■ WHAT THE TASK ASKS
The pictures get dropped, while every remaining part of the listing is copied exactly.

■ INPUT DATA
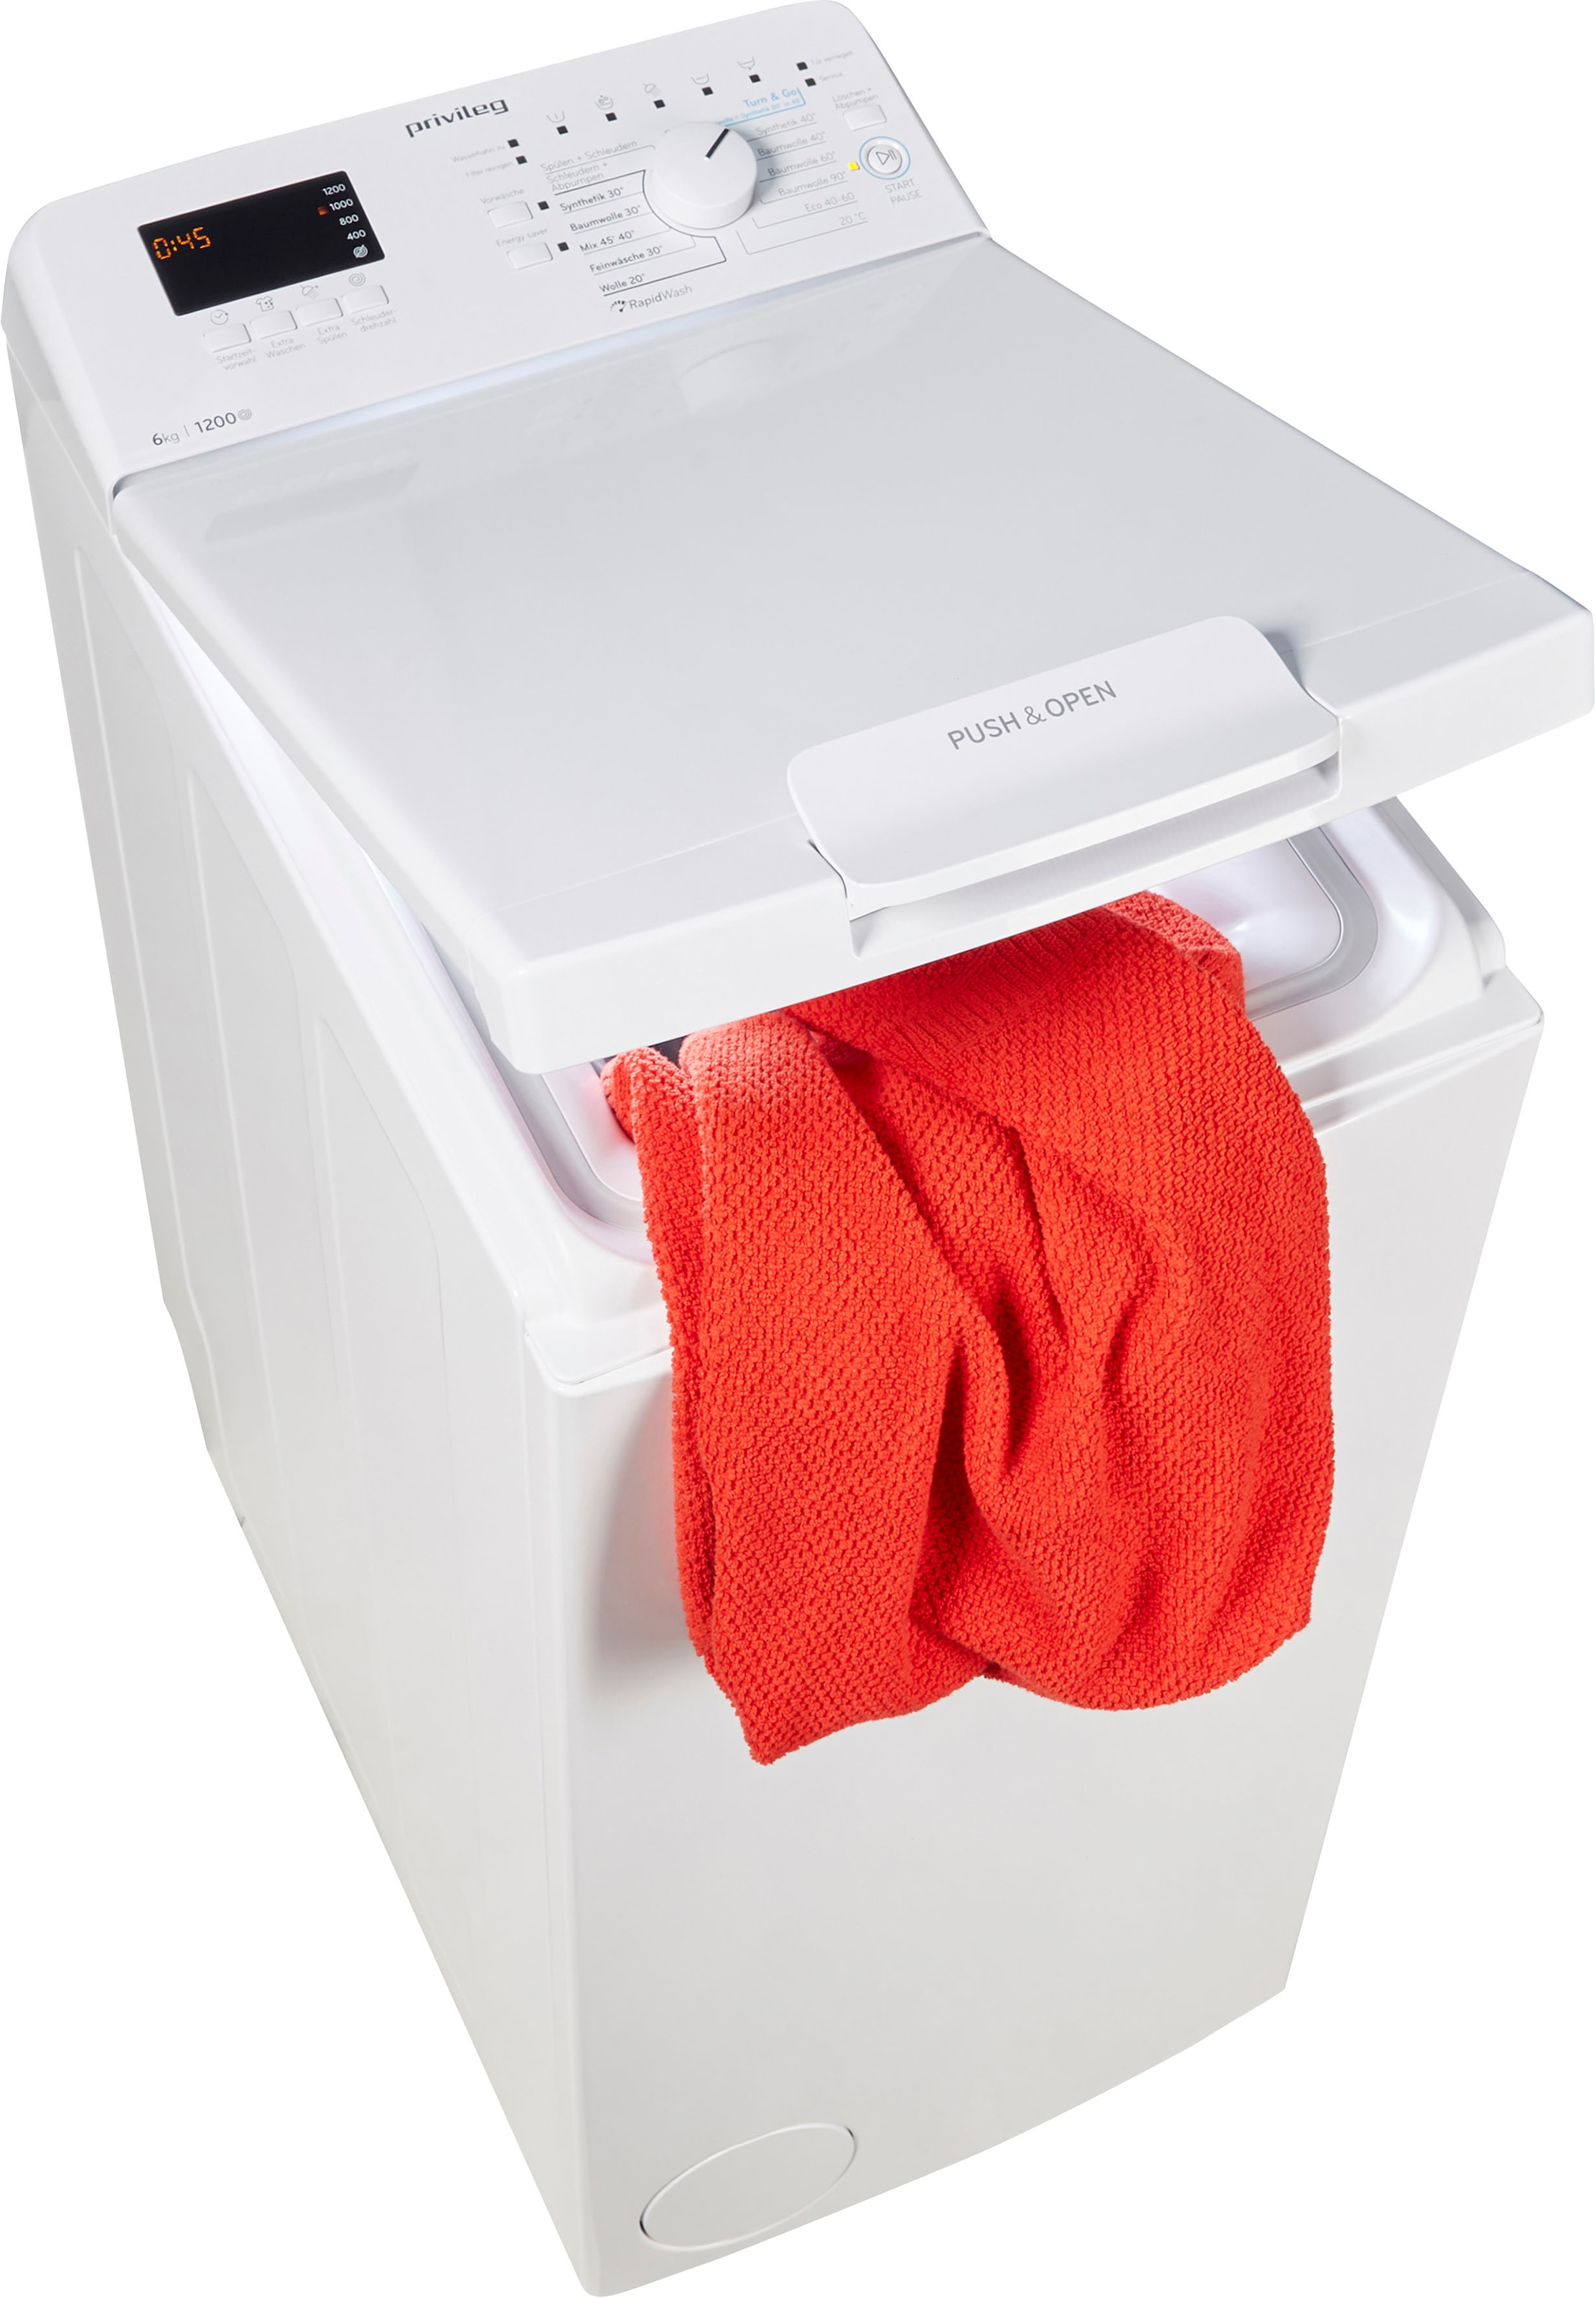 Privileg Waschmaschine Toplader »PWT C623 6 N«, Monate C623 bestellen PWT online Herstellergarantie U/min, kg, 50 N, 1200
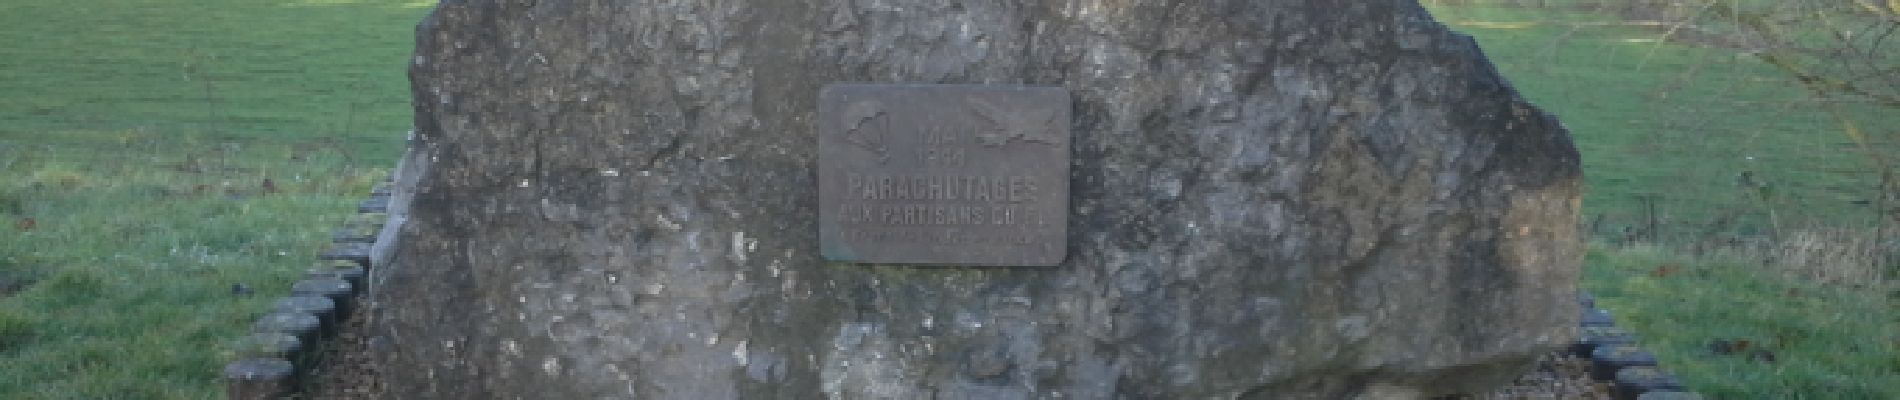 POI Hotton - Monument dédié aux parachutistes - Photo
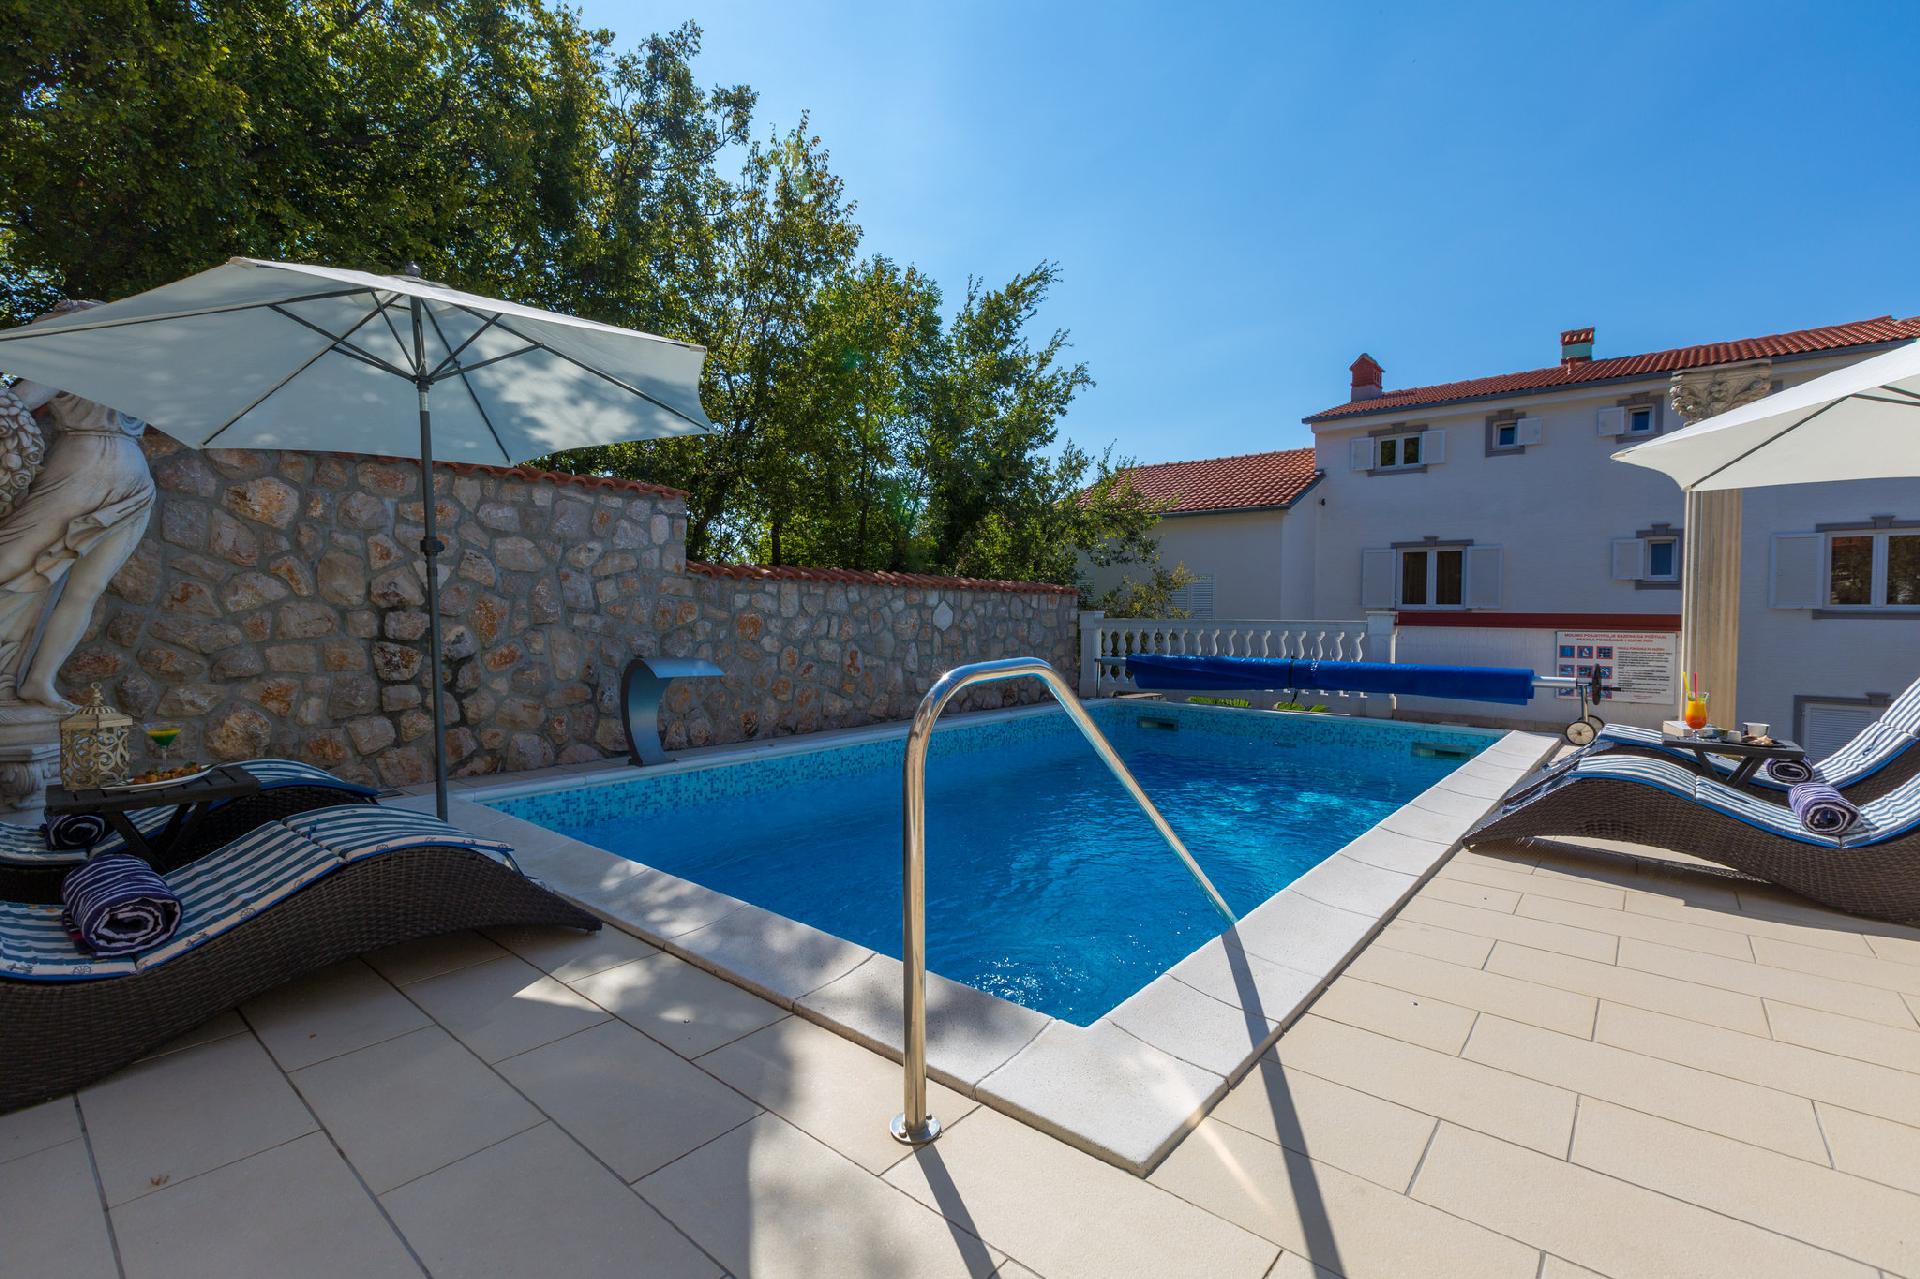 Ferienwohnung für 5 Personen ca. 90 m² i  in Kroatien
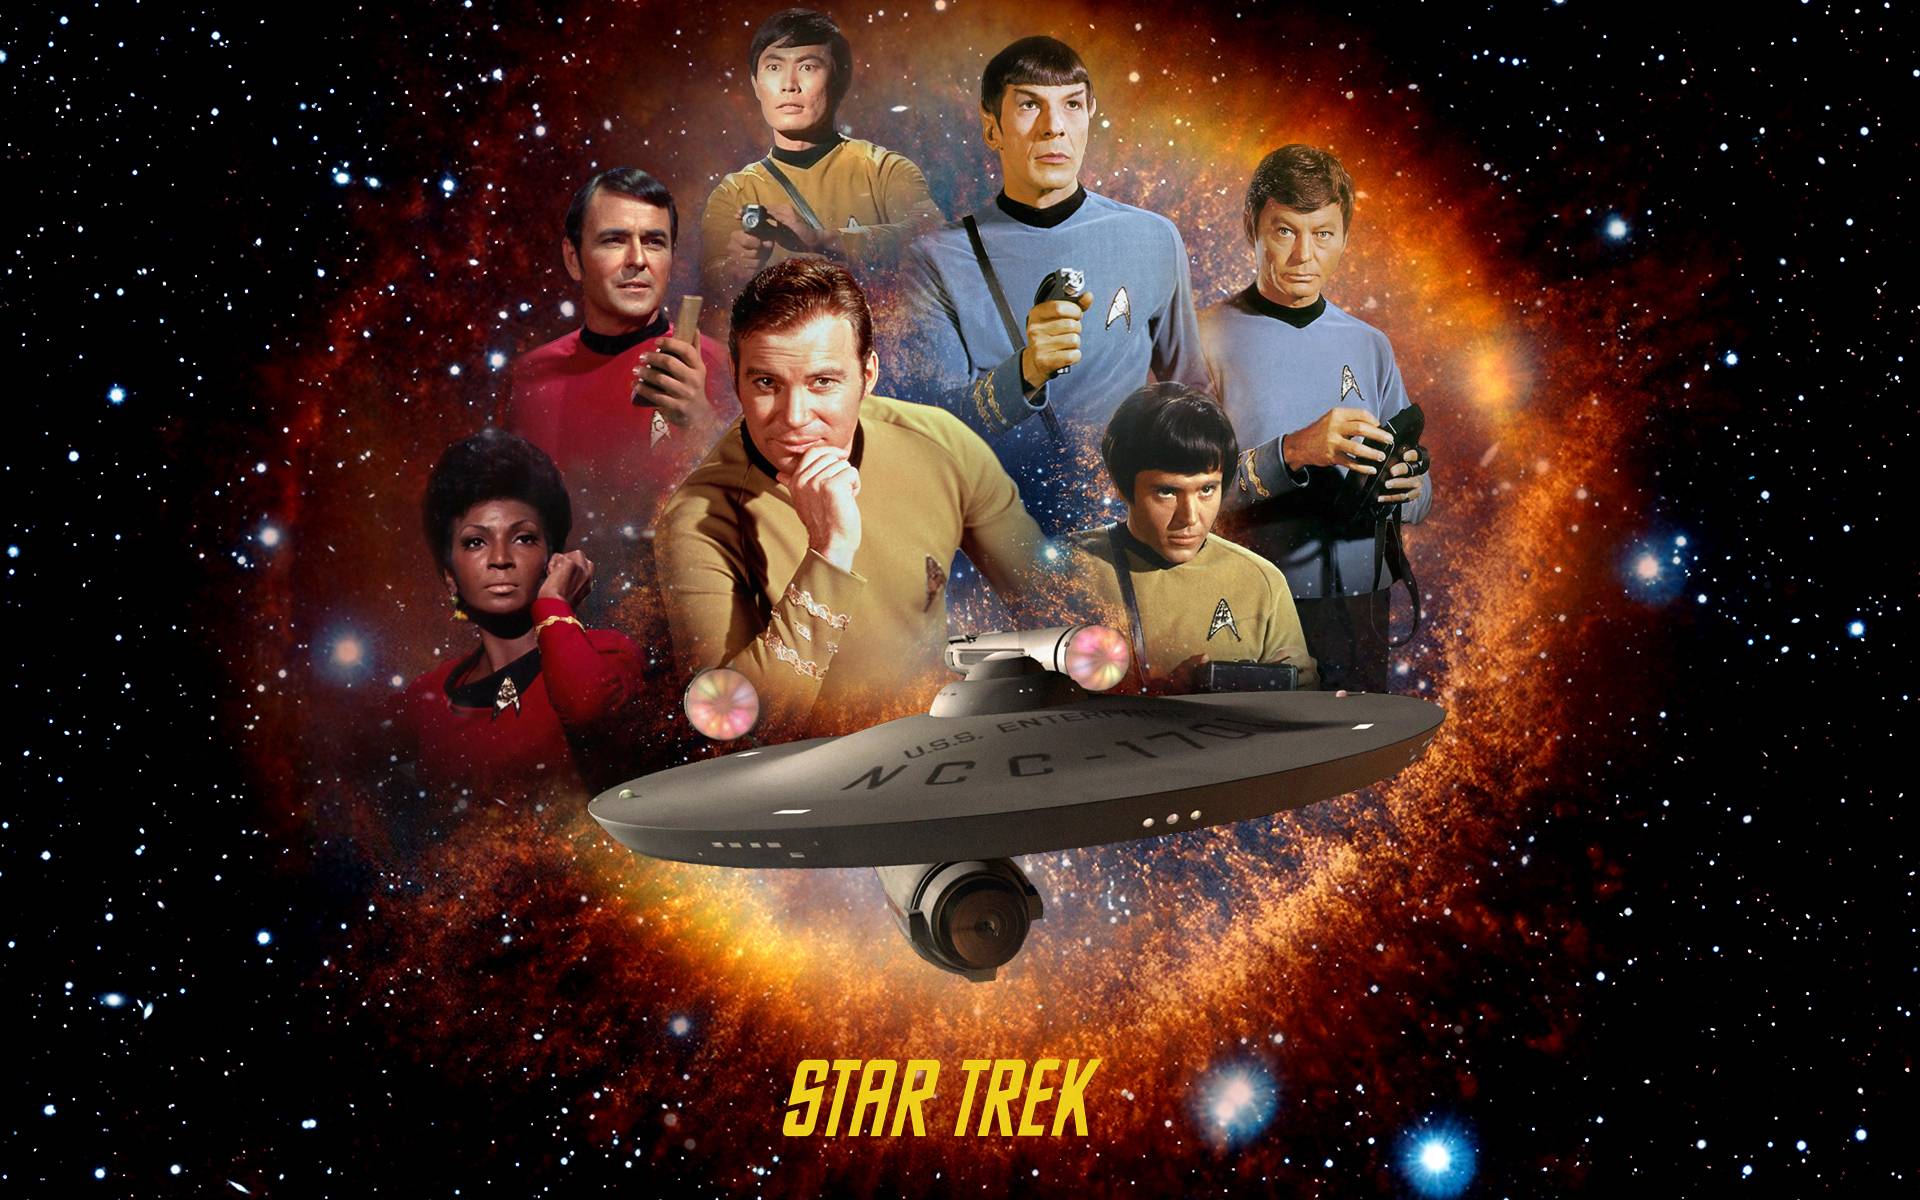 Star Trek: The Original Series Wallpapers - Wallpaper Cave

■ FINISHED TASK
 Privileg Waschmaschine Toplader »PWT C623 6 N«, Monate C623 bestellen PWT online Herstellergarantie U/min, kg, 50 N, 1200
 POI Hotton - Monument dédié aux parachutistes - Photo
 Ferienwohnung für 5 Personen ca. 90 m² i  in Kroatien
 Star Trek: The Original Series Wallpapers - Wallpaper Cave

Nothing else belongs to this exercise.